The inferior tympanic artery most commonly arises from the proximal aspect of the neuromeningeal trunk but can also arise as a separate branch between the pharyngeal and neuromeningeal trunks. It provides anastomotic branches to the caroticotympanic branch of the ICA, petrososquamosal branch of the middle meningeal artery and an anastomotic branch to the stylomastoid artery. The musculospinal artery anastomoses with the vertebral artery at the level of third intervertebral space (C2-C3).

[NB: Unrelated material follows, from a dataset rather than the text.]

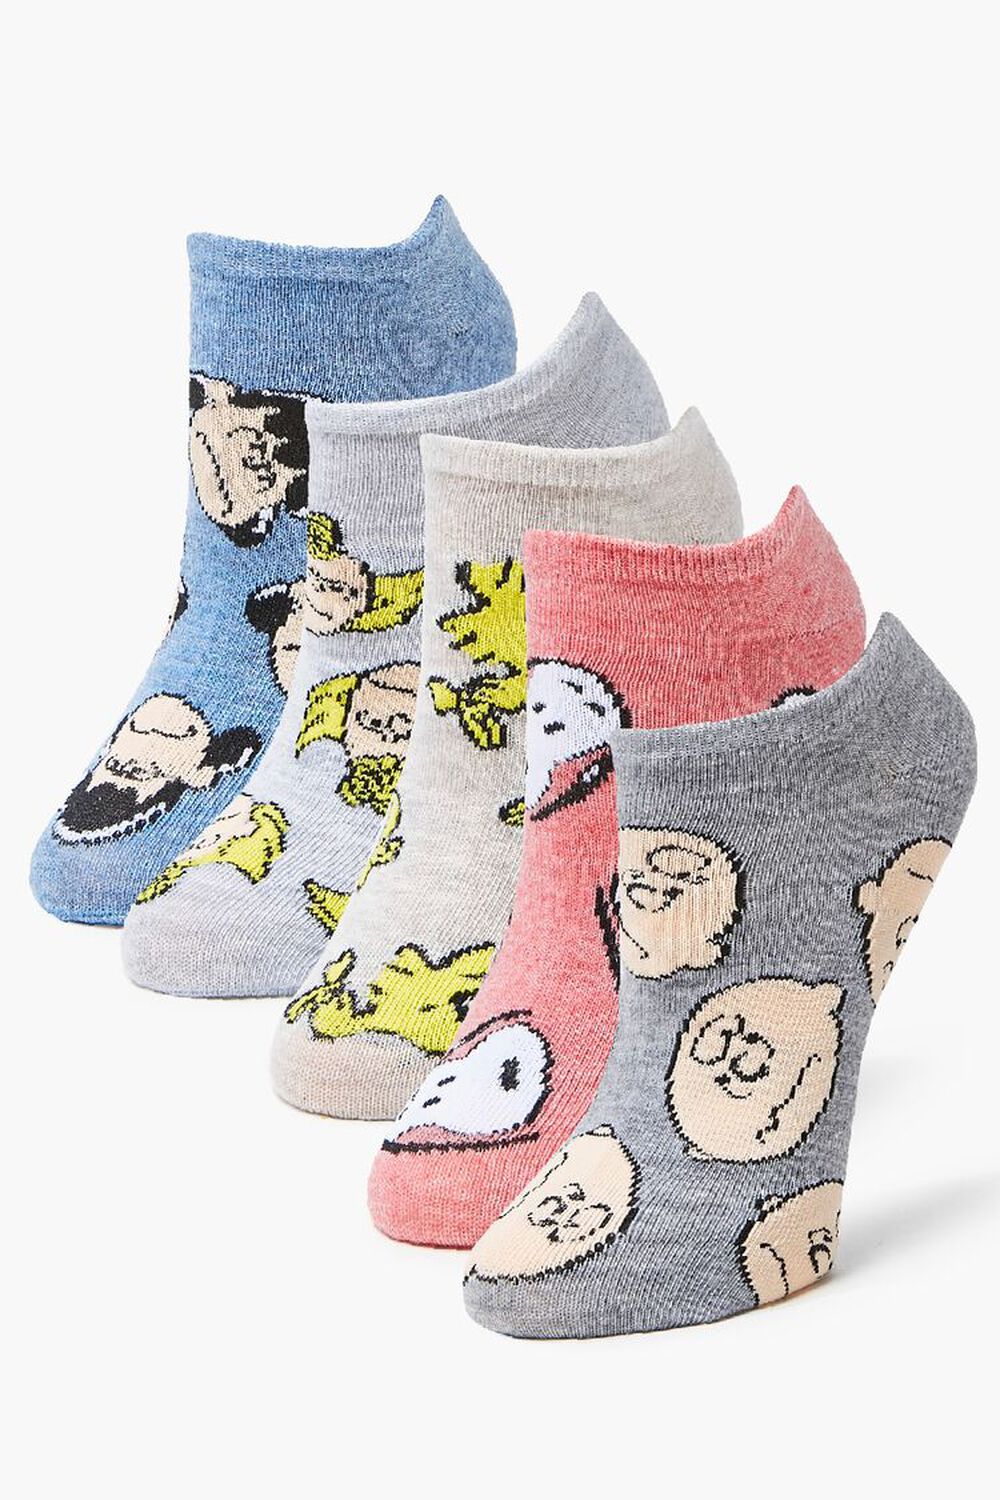 Peanuts Gang Ankle Socks, image 1

Anastomoses to major arteries
The ascending pharyngeal artery has potential anastomoses to all neighbouring arteries 4,7,8. Anastomoses to the internal carotid artery are either direct via the lateral clival branch of the jugular artery or the recurrent artery of the foramen lacerum or indirect via the superior pharyngeal branch to the inferolateral trunk, the clival branches to the meningohypophyseal trunk or the inferior tympanic branch to the caroticotympanic branch. Anastomoses to the vertebral artery are through the hypoglossal branch and the musculospinal branch (Figure 7 A,B). Anastomoses to the occipital artery can be either indirect through the odontoid arch system or direct through a common trunk. The ascending pharyngeal artery is connected to the internal maxillary artery at the level of the descending palatine artery through the middle pharyngeal branch or the pterygovaginal artery to the accessory meningeal artery.
Figure 7.
A,B) Diagrammatic representation of the musculospinal artery and direct anastomoses between the APA and vertebral artery.
Conclusions
In our case the glomus tympanicum tumour was supplied by the inferior tympanic artery, a branch of the APA. There was no connection seen between the ascending pharyngeal and vertebral arteries on the pretherapeutic diagnostic angiogram. The patient suffered a posterior circulation stroke following embolization of the glomus tumour due to opening of an anastomotic channel between the ascending pharyngeal and vertebral arteries allowing reflux of particles through the musculospinal artery in the posterior circulation secondary to changes in haemodynamics.
The ascending pharyngeal artery is important in multiple clinical situations in which interventional neuroradiology management plays a central role. Apart from the technical skills and embolization technique, a detailed knowledge of anatomy, anastomoses and haemodynamics is mandatory for a safe embolization procedure in the ascending pharyngeal artery territory.